**Work to complete:** Repeat all of the data precisely.

Saved entries
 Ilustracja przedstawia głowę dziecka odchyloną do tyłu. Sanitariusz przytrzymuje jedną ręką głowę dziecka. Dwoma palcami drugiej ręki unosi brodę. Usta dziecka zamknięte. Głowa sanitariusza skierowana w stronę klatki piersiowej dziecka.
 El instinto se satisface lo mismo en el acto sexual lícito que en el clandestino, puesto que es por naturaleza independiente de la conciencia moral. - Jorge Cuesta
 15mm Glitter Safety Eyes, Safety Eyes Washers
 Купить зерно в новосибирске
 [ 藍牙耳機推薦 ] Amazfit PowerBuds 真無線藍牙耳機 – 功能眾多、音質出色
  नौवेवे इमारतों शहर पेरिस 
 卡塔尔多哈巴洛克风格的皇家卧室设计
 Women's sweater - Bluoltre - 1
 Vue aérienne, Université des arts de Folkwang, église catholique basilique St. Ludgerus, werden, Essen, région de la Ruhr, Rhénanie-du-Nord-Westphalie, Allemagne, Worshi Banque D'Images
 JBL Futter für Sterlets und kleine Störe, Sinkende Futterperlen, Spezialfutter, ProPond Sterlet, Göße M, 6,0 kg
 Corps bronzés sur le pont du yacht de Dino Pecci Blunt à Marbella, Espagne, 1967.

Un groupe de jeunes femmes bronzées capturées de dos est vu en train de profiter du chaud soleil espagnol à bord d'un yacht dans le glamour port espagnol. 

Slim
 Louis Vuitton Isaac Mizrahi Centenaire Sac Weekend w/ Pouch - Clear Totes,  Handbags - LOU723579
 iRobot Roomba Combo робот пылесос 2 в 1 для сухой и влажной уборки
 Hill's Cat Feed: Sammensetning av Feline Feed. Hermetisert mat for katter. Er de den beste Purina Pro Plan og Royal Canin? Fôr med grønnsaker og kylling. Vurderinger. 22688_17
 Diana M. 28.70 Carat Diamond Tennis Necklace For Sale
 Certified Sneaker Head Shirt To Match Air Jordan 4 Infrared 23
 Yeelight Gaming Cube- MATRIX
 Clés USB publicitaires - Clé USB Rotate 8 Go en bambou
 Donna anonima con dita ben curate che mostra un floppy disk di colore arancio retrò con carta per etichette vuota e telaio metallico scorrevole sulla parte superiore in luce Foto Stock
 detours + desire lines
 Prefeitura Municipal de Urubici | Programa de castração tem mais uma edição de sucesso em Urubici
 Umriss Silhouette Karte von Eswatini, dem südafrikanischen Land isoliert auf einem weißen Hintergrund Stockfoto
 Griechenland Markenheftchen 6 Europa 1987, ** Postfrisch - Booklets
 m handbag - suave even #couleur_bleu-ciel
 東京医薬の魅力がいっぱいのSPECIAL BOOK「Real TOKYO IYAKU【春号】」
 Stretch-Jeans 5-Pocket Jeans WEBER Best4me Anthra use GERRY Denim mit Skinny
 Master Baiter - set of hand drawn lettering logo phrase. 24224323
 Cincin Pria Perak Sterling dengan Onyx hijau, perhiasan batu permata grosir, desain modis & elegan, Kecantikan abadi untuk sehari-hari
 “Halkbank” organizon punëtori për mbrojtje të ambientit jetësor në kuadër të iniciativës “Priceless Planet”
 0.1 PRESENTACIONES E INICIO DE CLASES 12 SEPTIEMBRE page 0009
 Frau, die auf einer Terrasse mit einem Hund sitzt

**Task result:**
 Ilustracja przedstawia głowę dziecka odchyloną do tyłu. Sanitariusz przytrzymuje jedną ręką głowę dziecka. Dwoma palcami drugiej ręki unosi brodę. Usta dziecka zamknięte. Głowa sanitariusza skierowana w stronę klatki piersiowej dziecka.
 El instinto se satisface lo mismo en el acto sexual lícito que en el clandestino, puesto que es por naturaleza independiente de la conciencia moral. - Jorge Cuesta
 15mm Glitter Safety Eyes, Safety Eyes Washers
 Купить зерно в новосибирске
 [ 藍牙耳機推薦 ] Amazfit PowerBuds 真無線藍牙耳機 – 功能眾多、音質出色
  नौवेवे इमारतों शहर पेरिस 
 卡塔尔多哈巴洛克风格的皇家卧室设计
 Women's sweater - Bluoltre - 1
 Vue aérienne, Université des arts de Folkwang, église catholique basilique St. Ludgerus, werden, Essen, région de la Ruhr, Rhénanie-du-Nord-Westphalie, Allemagne, Worshi Banque D'Images
 JBL Futter für Sterlets und kleine Störe, Sinkende Futterperlen, Spezialfutter, ProPond Sterlet, Göße M, 6,0 kg
 Corps bronzés sur le pont du yacht de Dino Pecci Blunt à Marbella, Espagne, 1967.

Un groupe de jeunes femmes bronzées capturées de dos est vu en train de profiter du chaud soleil espagnol à bord d'un yacht dans le glamour port espagnol. 

Slim
 Louis Vuitton Isaac Mizrahi Centenaire Sac Weekend w/ Pouch - Clear Totes,  Handbags - LOU723579
 iRobot Roomba Combo робот пылесос 2 в 1 для сухой и влажной уборки
 Hill's Cat Feed: Sammensetning av Feline Feed. Hermetisert mat for katter. Er de den beste Purina Pro Plan og Royal Canin? Fôr med grønnsaker og kylling. Vurderinger. 22688_17
 Diana M. 28.70 Carat Diamond Tennis Necklace For Sale
 Certified Sneaker Head Shirt To Match Air Jordan 4 Infrared 23
 Yeelight Gaming Cube- MATRIX
 Clés USB publicitaires - Clé USB Rotate 8 Go en bambou
 Donna anonima con dita ben curate che mostra un floppy disk di colore arancio retrò con carta per etichette vuota e telaio metallico scorrevole sulla parte superiore in luce Foto Stock
 detours + desire lines
 Prefeitura Municipal de Urubici | Programa de castração tem mais uma edição de sucesso em Urubici
 Umriss Silhouette Karte von Eswatini, dem südafrikanischen Land isoliert auf einem weißen Hintergrund Stockfoto
 Griechenland Markenheftchen 6 Europa 1987, ** Postfrisch - Booklets
 m handbag - suave even #couleur_bleu-ciel
 東京医薬の魅力がいっぱいのSPECIAL BOOK「Real TOKYO IYAKU【春号】」
 Stretch-Jeans 5-Pocket Jeans WEBER Best4me Anthra use GERRY Denim mit Skinny
 Master Baiter - set of hand drawn lettering logo phrase. 24224323
 Cincin Pria Perak Sterling dengan Onyx hijau, perhiasan batu permata grosir, desain modis & elegan, Kecantikan abadi untuk sehari-hari
 “Halkbank” organizon punëtori për mbrojtje të ambientit jetësor në kuadër të iniciativës “Priceless Planet”
 0.1 PRESENTACIONES E INICIO DE CLASES 12 SEPTIEMBRE page 0009
 Frau, die auf einer Terrasse mit einem Hund sitzt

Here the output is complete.